▶ [What is expected]: Skip the pictures. Give all the data again exactly.

The data Block Start

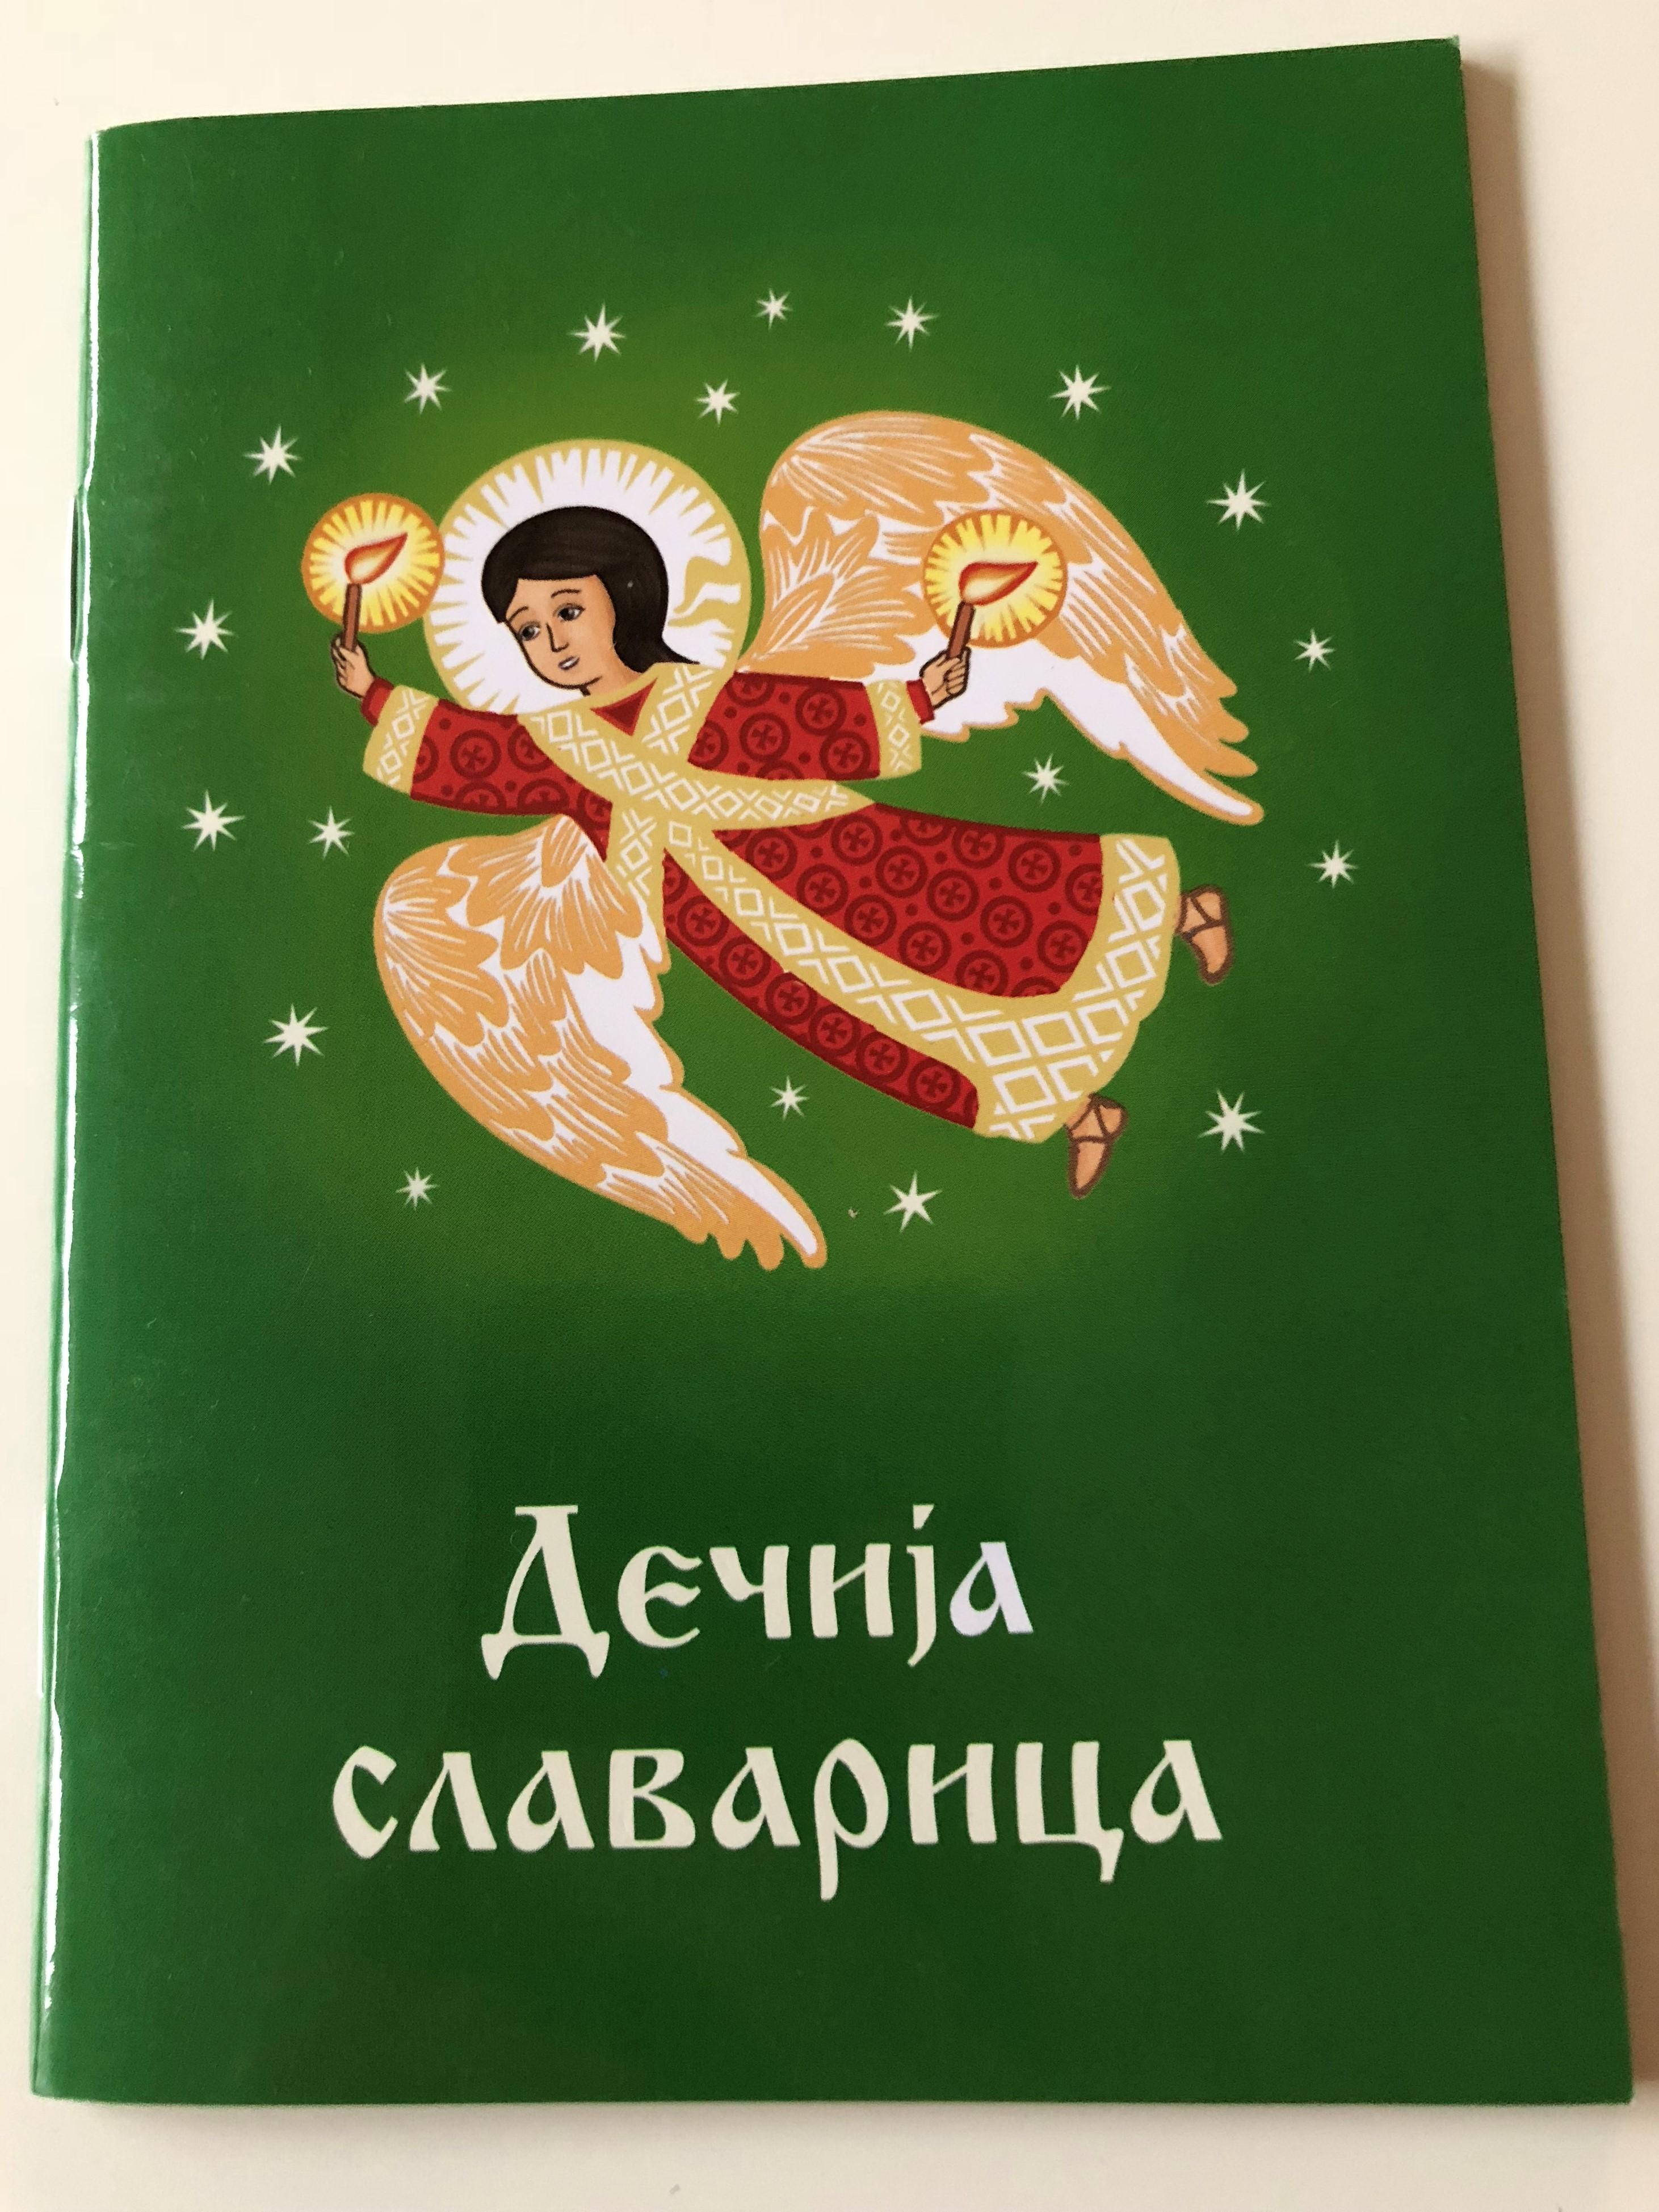 serbian-childrens-poems-orthodox-feasts-1-.jpg
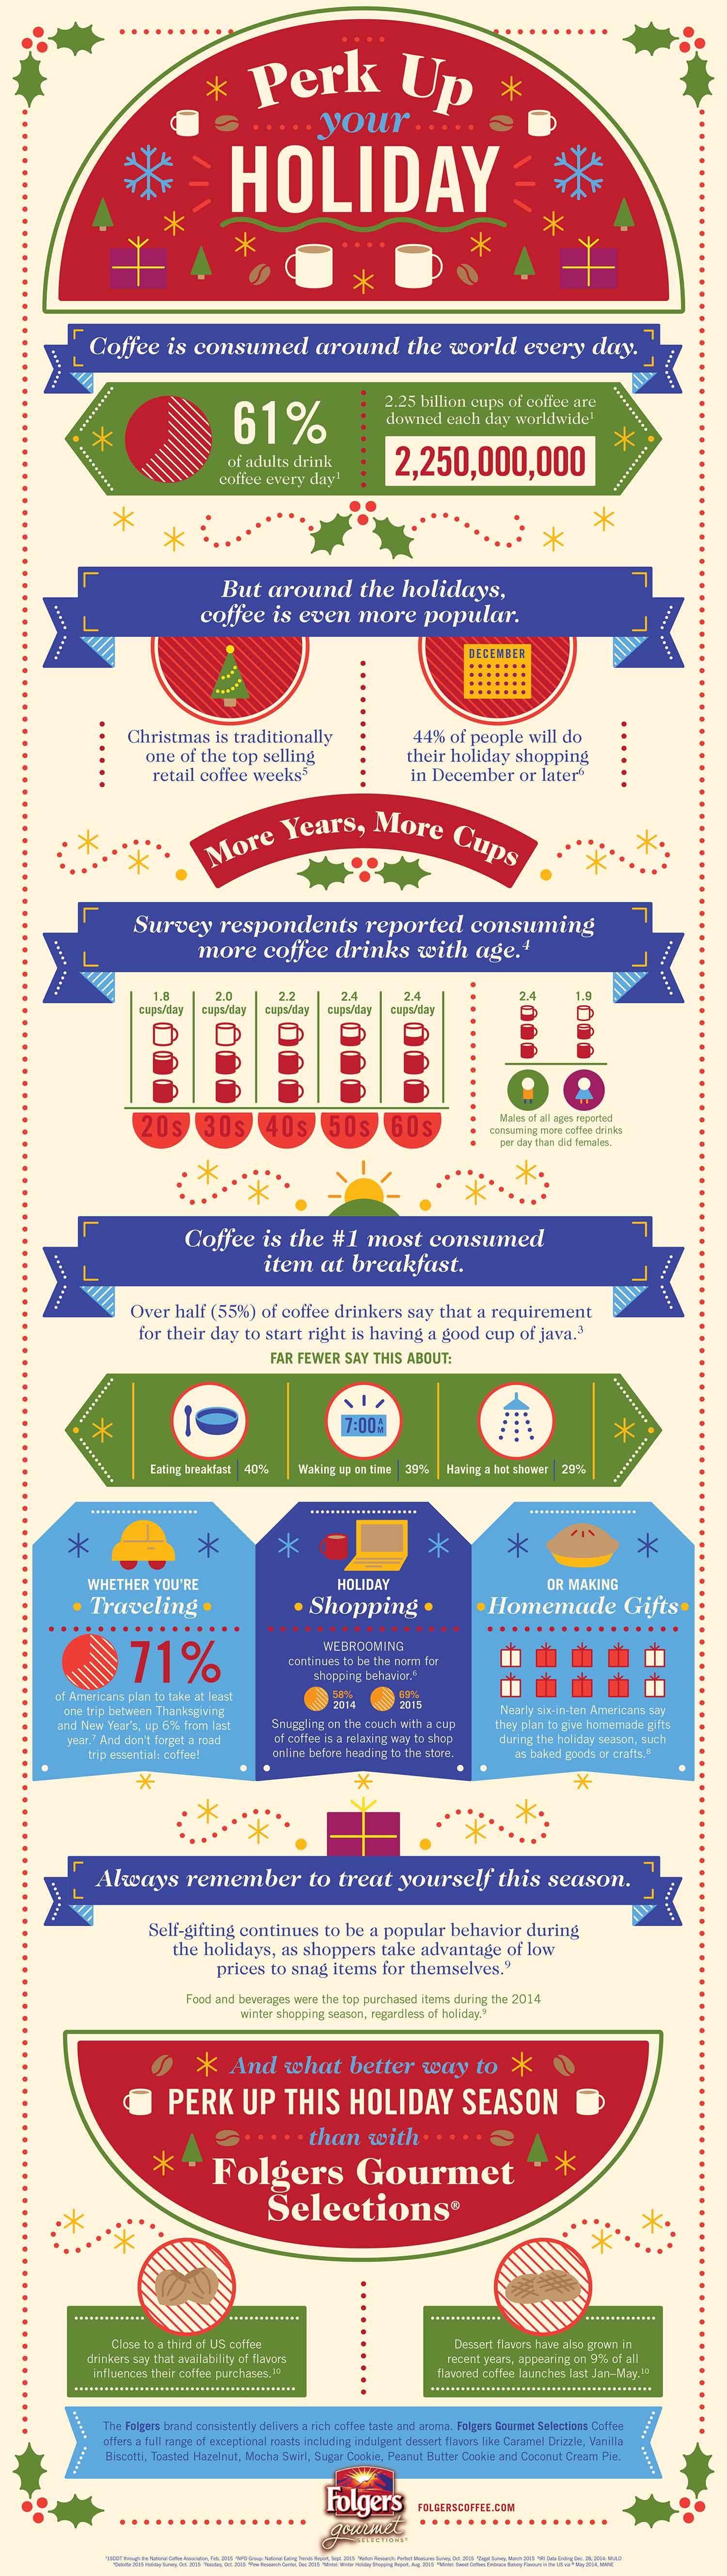 infographic6_anneulku.jpg
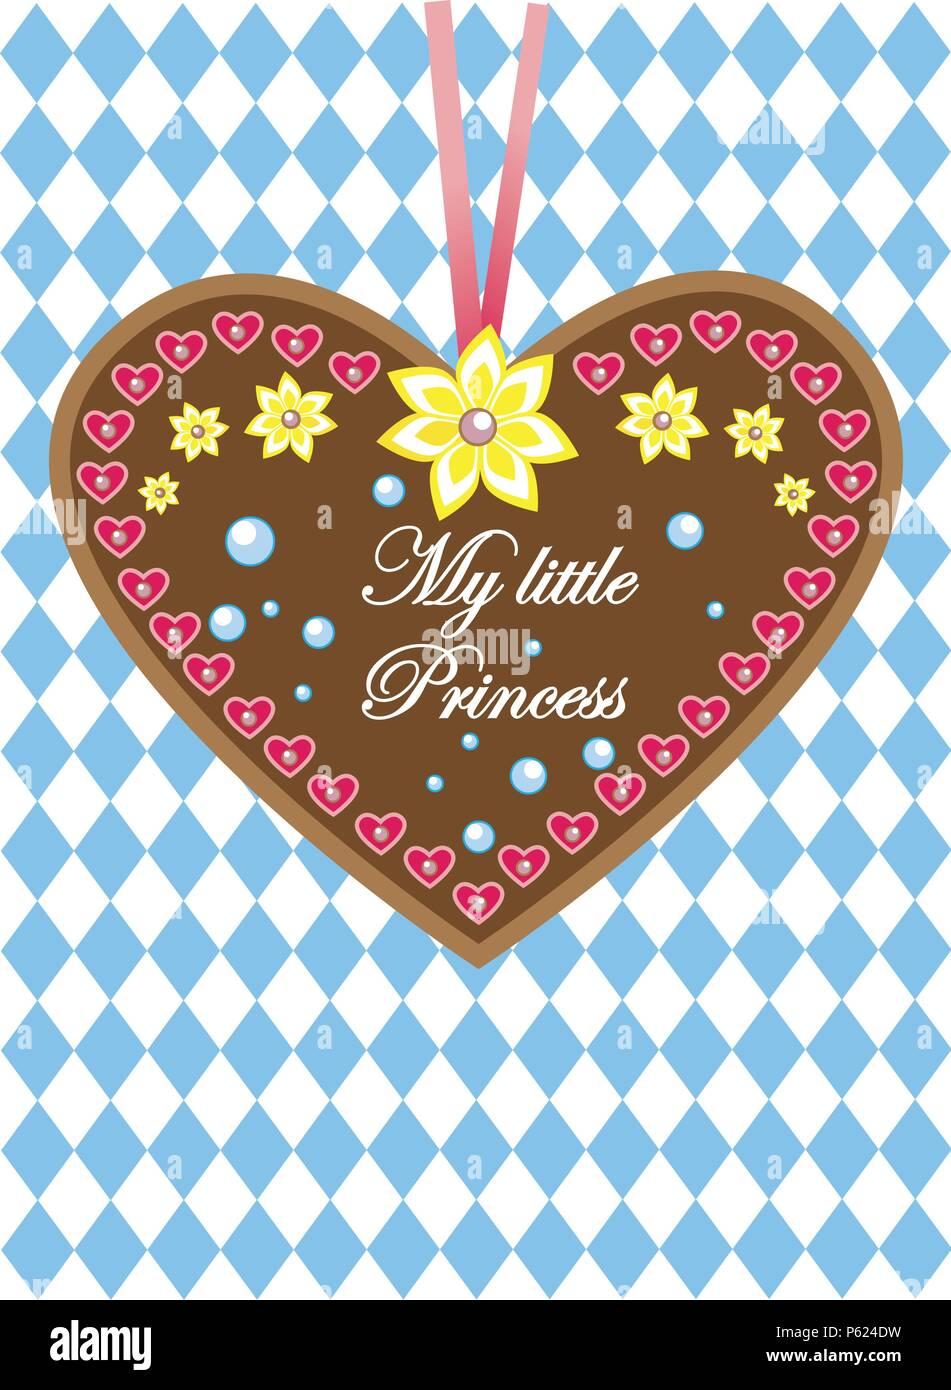 oktoberfest gingerbread heart - greetings / Gruß von der Wiesn! - Stock Image

The data Block End

▶ [Result]:
 serbian-childrens-poems-orthodox-feasts-1-.jpg
 infographic6_anneulku.jpg
 oktoberfest gingerbread heart - greetings / Gruß von der Wiesn! - Stock Image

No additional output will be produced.